Configuring spamd is fairly straightforward[16]. You simply edit /etc/spamd.conf according to your own needs. The file itself offers quite a bit of explanation, and the man page offers additional information. The suggested default blacklists quite a bit, including Korean addresses. I work in a company which actually does the odd bit of business with Koreans, and consequently I needed to edit out that particular entry from our configuration. You are the judge of which data sources to use, and using other lists than the default ones is possible.

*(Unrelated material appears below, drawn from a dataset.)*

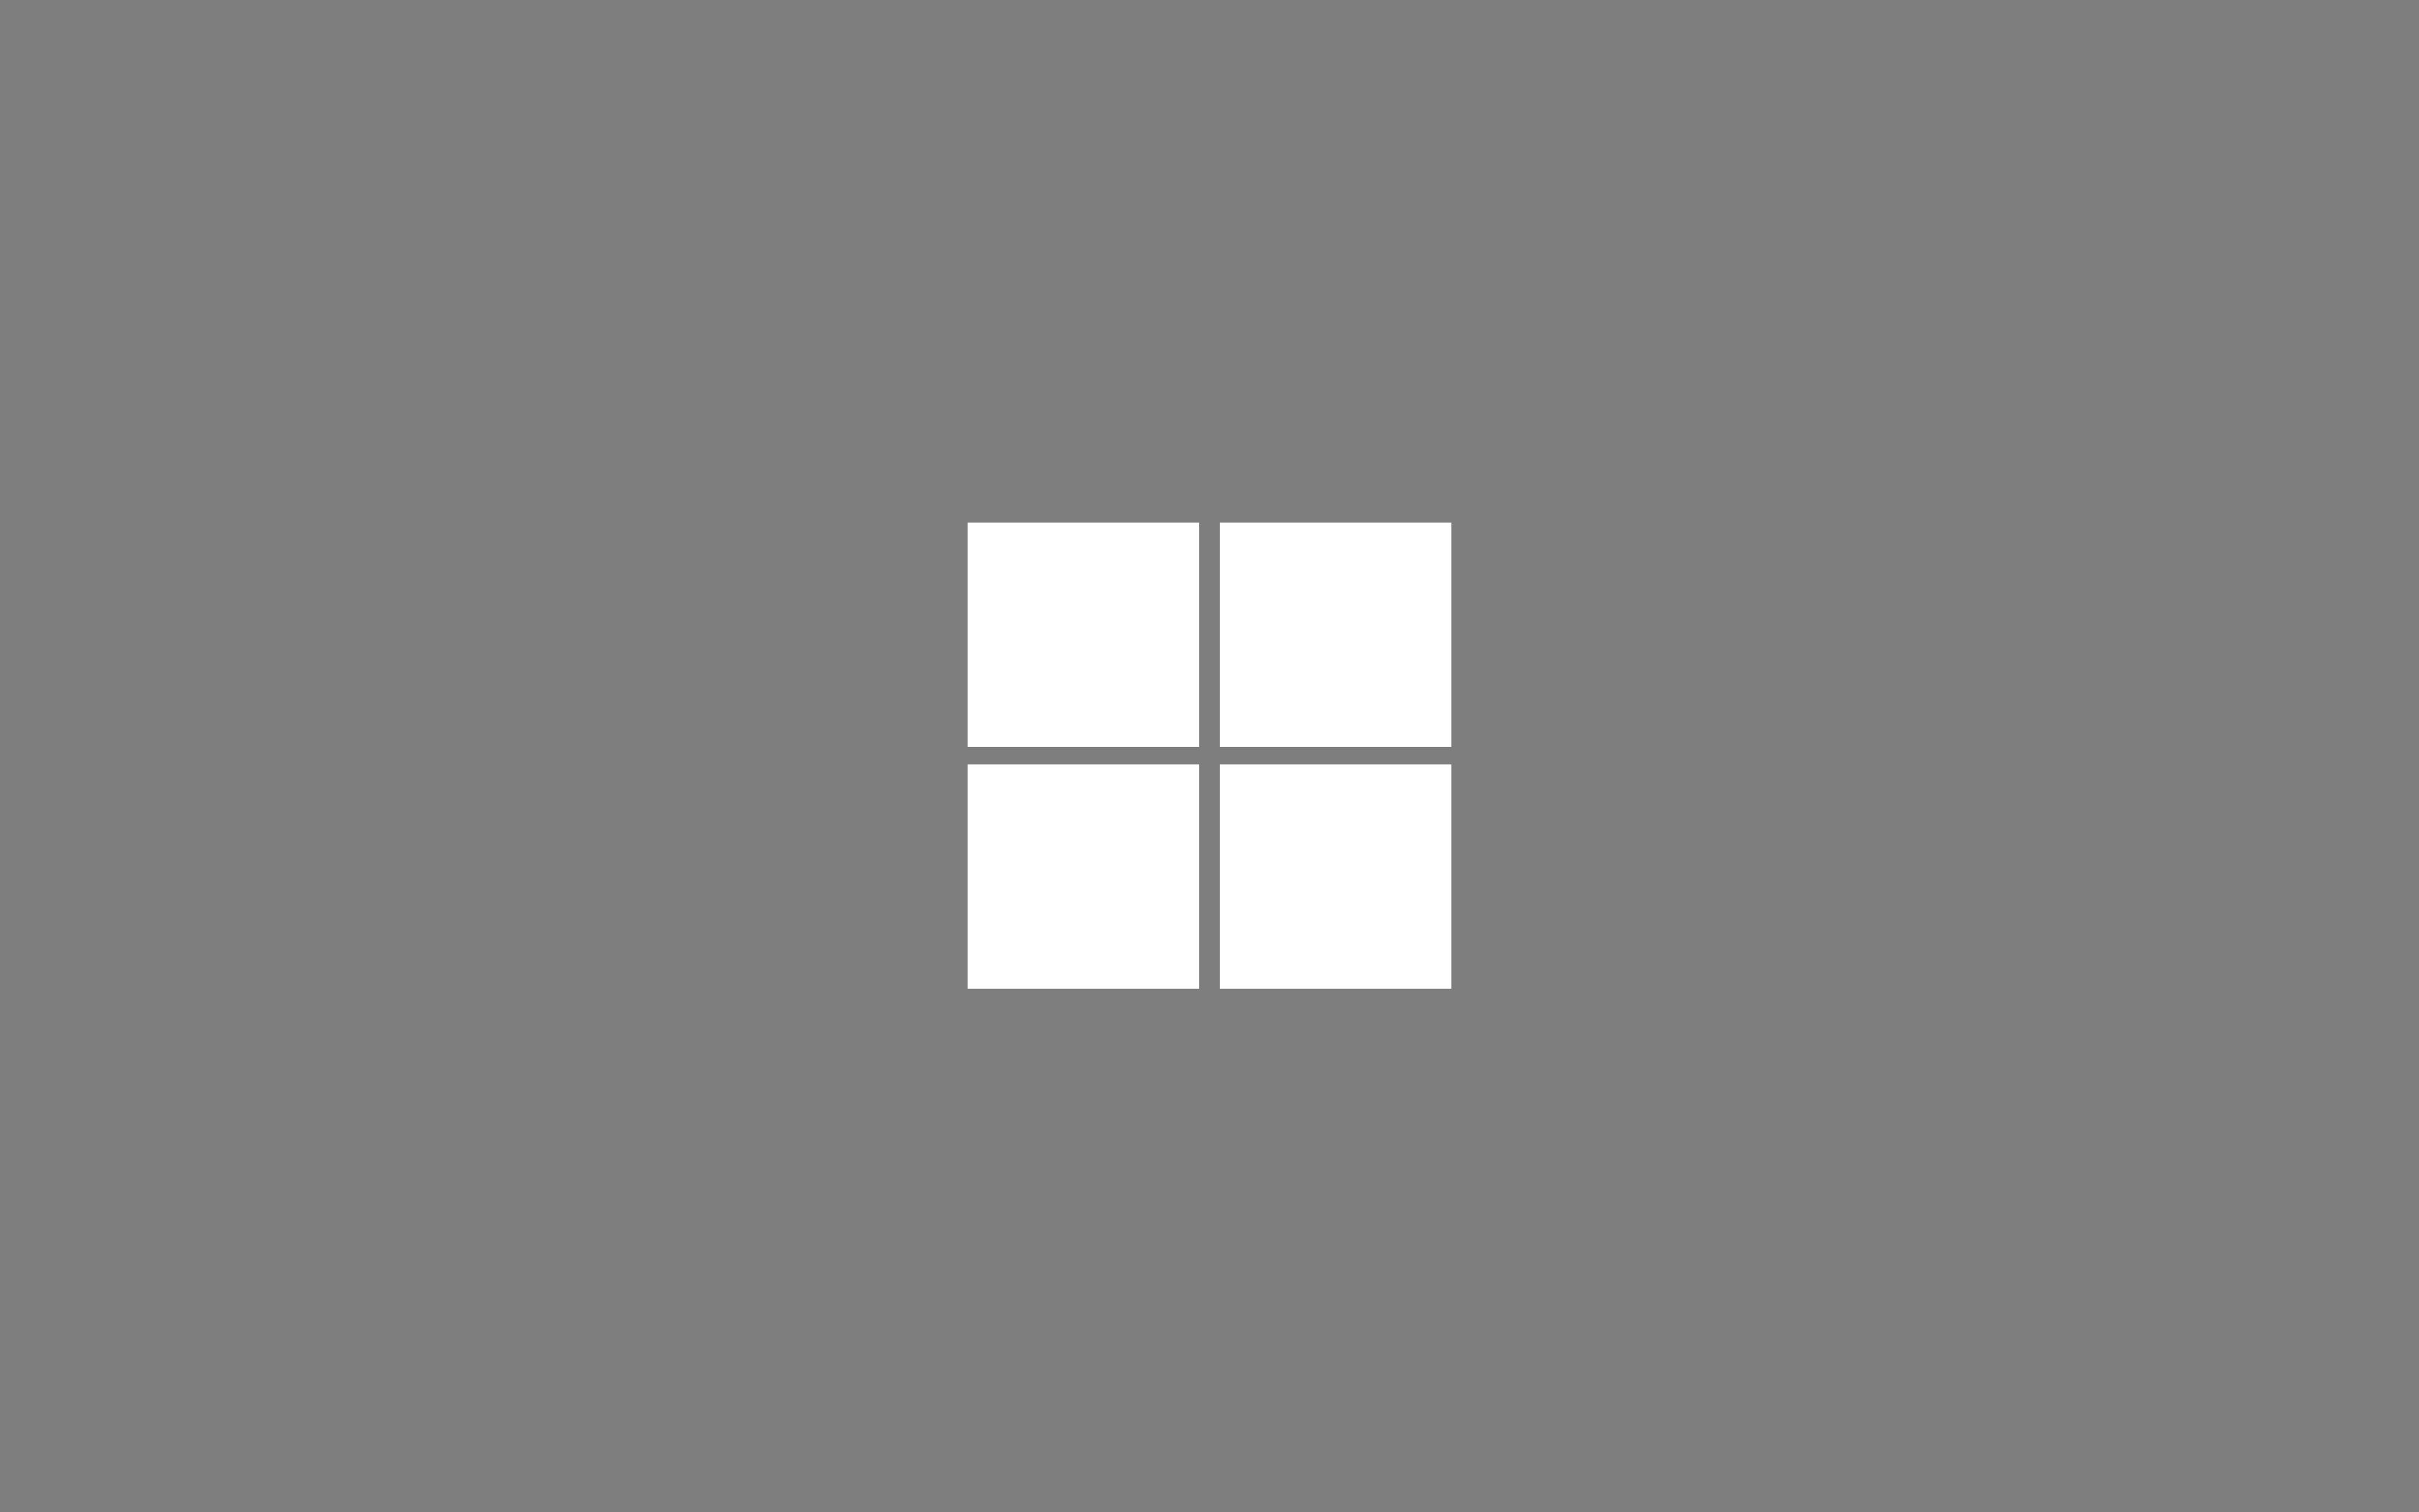 윈도우 로고

Put the lines for spamd and the startup parameters you want in your /etc/rc.conf or /etc/rc.conf.local. Note for example that you can fine tune several of the greylisting related parameters via spamd command line parameters.
When you are done with editing the setup, you start spamd with the options you want, and complete the configuration using spamd-setup. Finally, you create a cron job which updates the tables at reasonable intervals.
Once the tables are filled, you can list and manipulate their contents using pfctl, just like any other tables.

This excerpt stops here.